Like Watson and Crick, Edgerton is a great collector. Watson and Crick were able to collect and then piece together data and findings from a variety of other scientists, like Rosalind Franklin, to come up with the structure of DNA. Edgerton took 30 years of paralysis research, his own and that of others, and used it to create what has now been dubbed a "medical breakthrough" by many in the medical field. Given the extensive amount of research and the previous failed efforts by scientists and doctors to help paralyzed patients regain some function in the injured body part, many were doubtful that an effective clinical treatment for those with paralysis was possible. Even Edgerton said when he first saw Summers standing, "None of us believed it. I was afraid to believe it."
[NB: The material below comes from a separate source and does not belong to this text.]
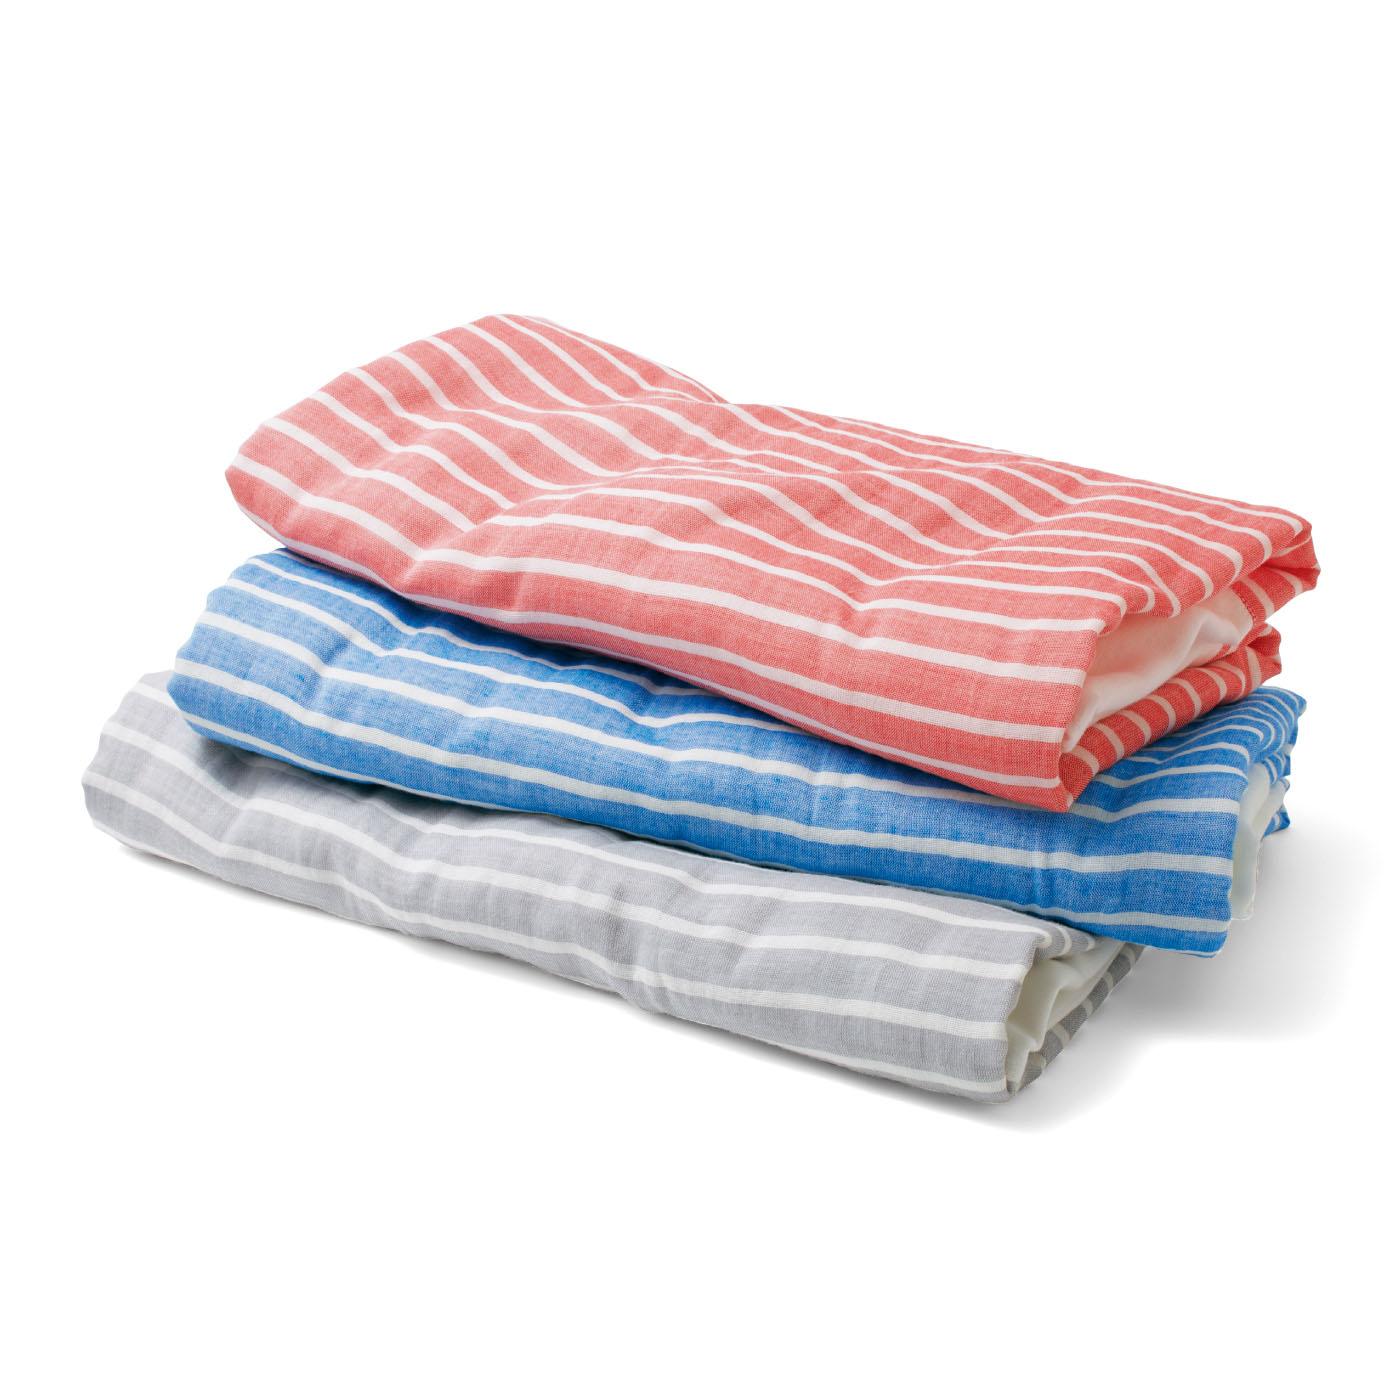 タオルよりも薄手で、たたむと四角く平らになるので、積み重ねて収納してもかさばりません。

Edgerton, though the head innovator, cited the importance of collaboration in developing these implants. Uzzi and Spiro in their article "Collaboration and Creativity: The Small World Problem" said that "creativity is spurred when diverse ideas are united or when creative material in one domain inspires fresh thinking in another." This kind of collaboration can be seen in the creation of this product. Edgerton, a neuroscientist, not only teamed with other neuroscientists, but with a mechanical engineer, someone from an entirely different domain. With Edgerton's biological knowledge and Joel Burdick's engineering knowledge, the team was able to create the electrodes that are currently in Summer's spinal cord. The team of 11 individuals clearly illustrate a small world network in which this scientific collaboration took place. The group of 11 was able to bounce ideas off of one another, allowing novel ideas in different domains to be utilized by the neuroscientists. However, the collaboration is not too intense, where the collaboration only leads to old or common material being shared.
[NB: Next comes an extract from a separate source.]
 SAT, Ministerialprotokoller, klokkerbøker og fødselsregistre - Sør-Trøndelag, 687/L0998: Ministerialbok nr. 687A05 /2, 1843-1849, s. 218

The device has won many awards and titles this past year, from those inside the field of medicine and from outside, even winning Popular Mechanic's 2011 Breakthrough Award for its ingenuity and its utility. Scientists, including Edgerton and his team, though optimistic about the prospects of this device, are still a little cautious given that Summers is the only human subject to date to be tested with the electrodes. One Scientist, professor Geoffrey Raisman from the Institute of Neurology at UCL, said: "This one case is interesting, and from one of the leading groups in the world. To what extent this procedure could in the future provide a further and sustained improvement cannot be judged on the basis of one patient." However, most in the medical field that have come upon this study acknowledge that though the cure for paralysis is still not out there, this is the closest the world has seen thus far to an effective treatment.

1 comment:

  1. Paralysis is a condition that is so very black and white. One is either paralyzed or not. The only defining characteristic is the degree of paralysis. On that note, I believe that any possible idea for relief is pertinent to the treatment of this condition. This use of electrode implants is a particularly novel idea because of its merging of domains. I believe that this is key to helping these individuals move forward(no pun intended). Medicine alone can't explain everything. It is in merging fields that processes are explained. In each small movement, paralysis has less of a vice grip on a life, and only creatives can make that possible.